- Exercise brief
Please make an exact copy of the lines from the one holding "Долевое владение для" through the end of the data, both ends included, with no pictures.

- Material provided
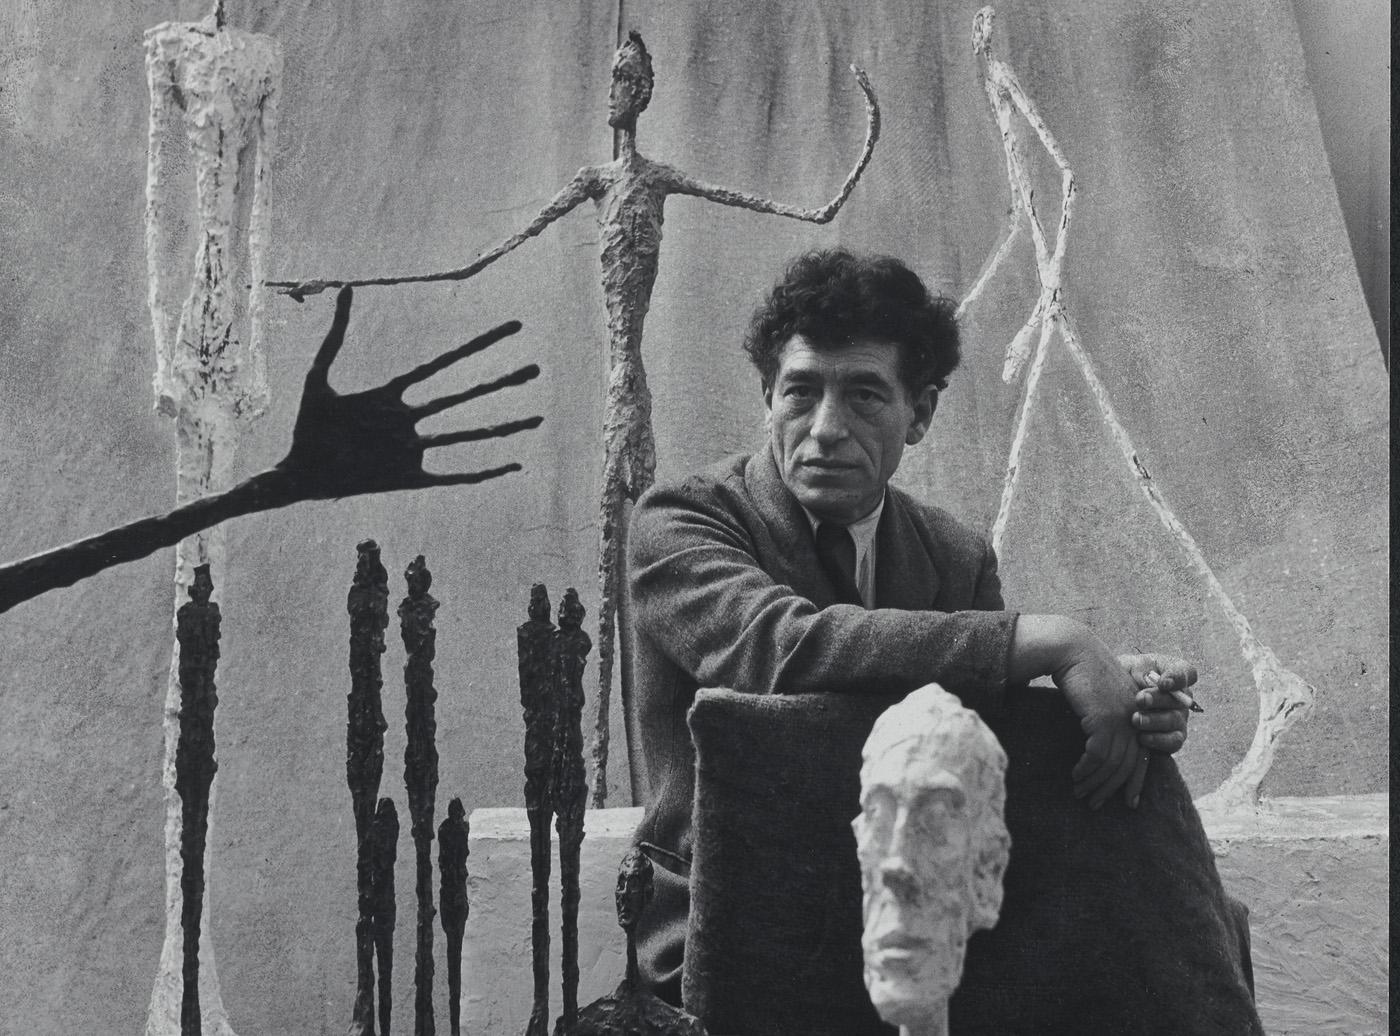 Alberto Giacometti, 1951. Fotografía de Gordon Parks. Fondation Giacometti, París. © The Gordon Parks Foundation.
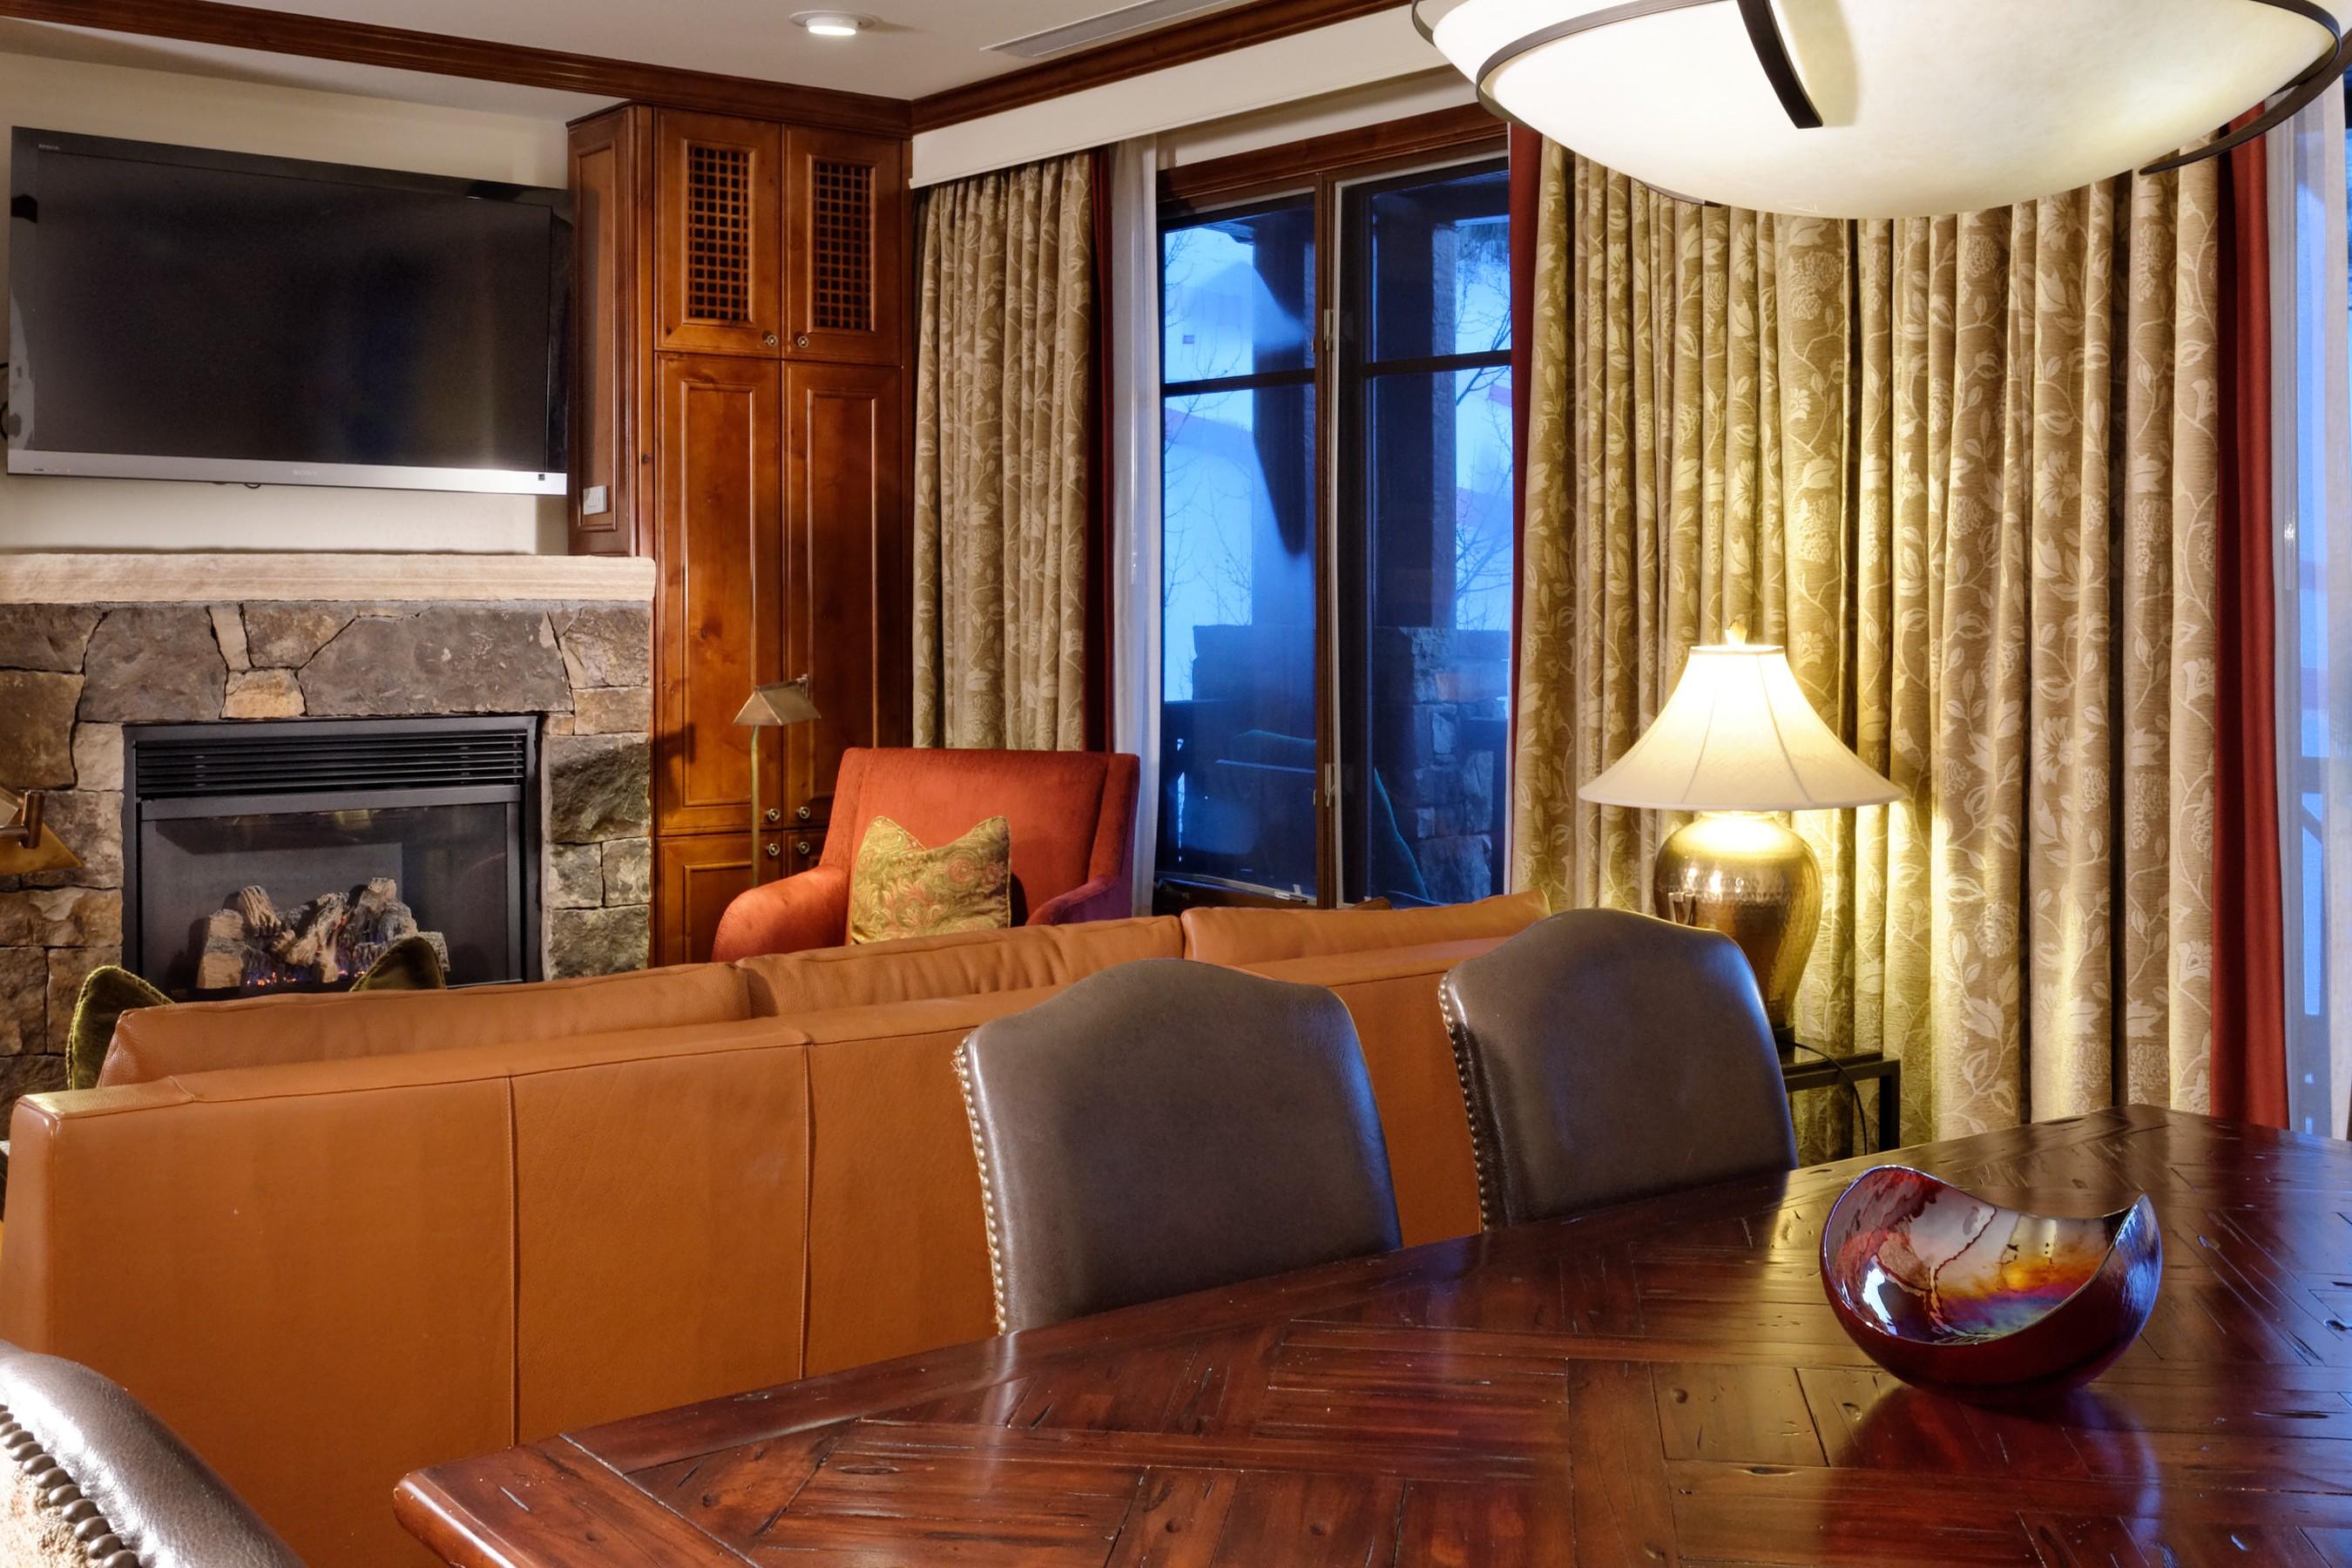 Долевое владение для того Продажа на Ritz-Carlton Club Aspen Highlands Fractional Condo Interest 0075 Prospector Road, 8106 Winter Interest 2, Ritz-Carlton Club Aspen, Колорадо, 81611 Соединенные Штаты
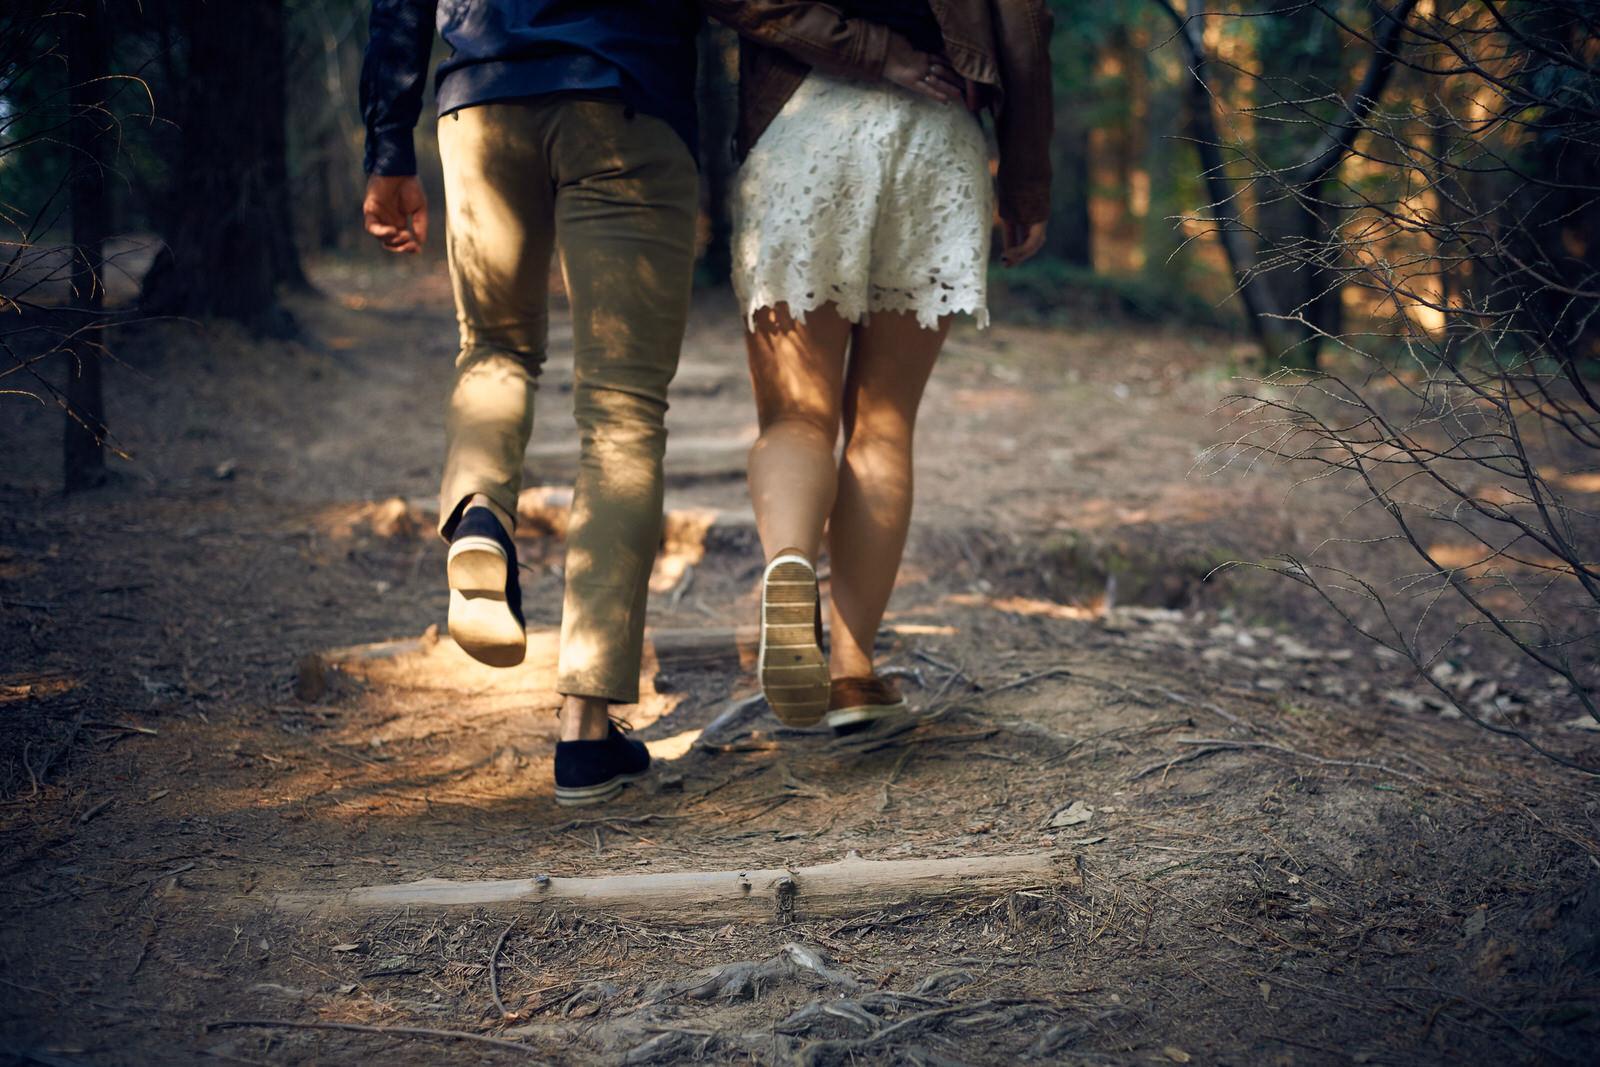 sesion de enamorados, fotos de pareja, preboda en el bosque de sequoyas de cabezon, paseo entre arboles gigantes bosque, love session

- Output of the exercise
 Долевое владение для того Продажа на Ritz-Carlton Club Aspen Highlands Fractional Condo Interest 0075 Prospector Road, 8106 Winter Interest 2, Ritz-Carlton Club Aspen, Колорадо, 81611 Соединенные Штаты
 sesion de enamorados, fotos de pareja, preboda en el bosque de sequoyas de cabezon, paseo entre arboles gigantes bosque, love session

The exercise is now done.